Но чем объяснить, что император Александр составил в этом отношении столь резкое исключение во всей России? На примере Александра приходится убедиться в том, что Аракчеев умел возбуждать к себе, когда это ему хотелось, не только ненависть, но и любовь или, по крайней мере, доверчивую привязанность. Какими же способами?
Мы рассматривали до сих пор такие черты личности Аракчеева, которые могли лишь отталкивать всех от этого человека. Но не было ли еще других черт, которые он не раскрывал перед подвластными ему людьми, сберегая их для государя? Мы знаем моральный пассив Аракчеева. Каков же был его актив?
Прежде всего нужно заметить, что никто из писавших об Аракчееве не отказывает ему в уме и способностях. Эйлер в своих записках утверждает даже, что Аракчеев «обладал умом и способностями необыкновенно высокими, постигал тотчас самые отвлеченные предметы» и был «истинно великим государственным человеком»[538]
. Но Эйлер — один из ближайших сотрудников Аракчеева и его безусловный панегирист — в счет не идет.

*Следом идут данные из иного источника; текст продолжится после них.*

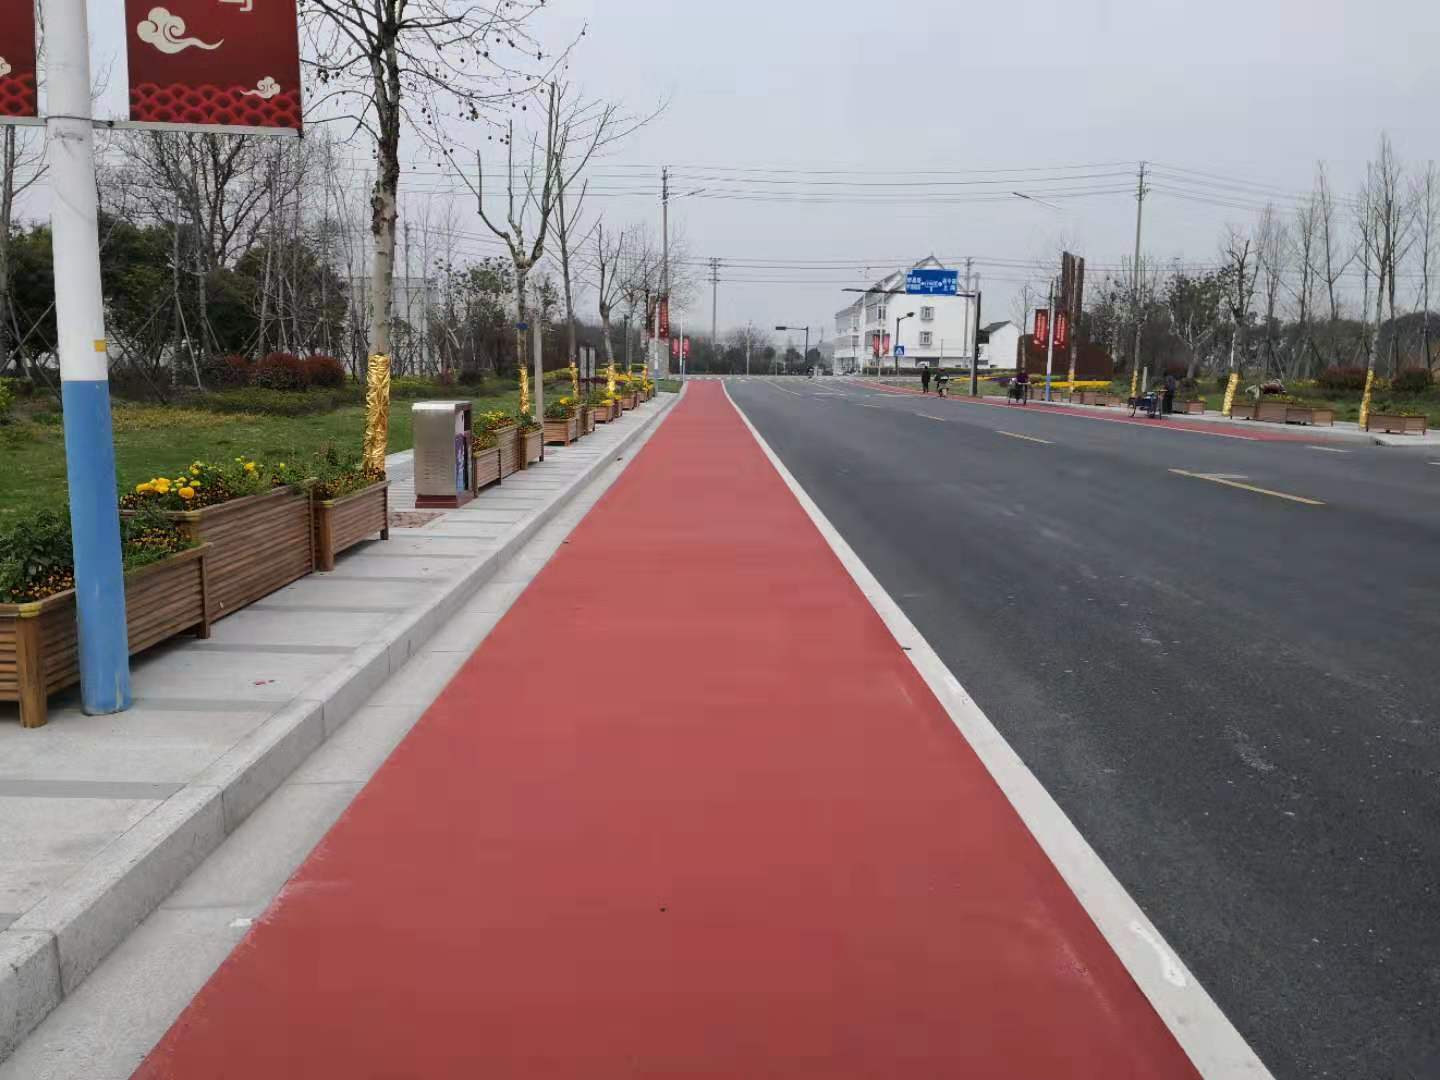 原装彩色防滑路面价格_口碑好的-上海柯路美道路工程有限公司

Однако и совершенно беспристрастный Брадке пишет следующее: «Аракчеев был несомненно человеком необыкновенных природных данных, дарований. Быстро охватывая предмет, он не был лишен глубины мышления, когда не увлекался предубеждениями.В математике и военных науках у него были обширные познания. История и литература промелькнули мимо него, оставив, однако, некоторый след. Но все теории государственного права он почитал бессмыслицей и искусно умел осаживать людей, которые толковали об этом заученными фразами»[539]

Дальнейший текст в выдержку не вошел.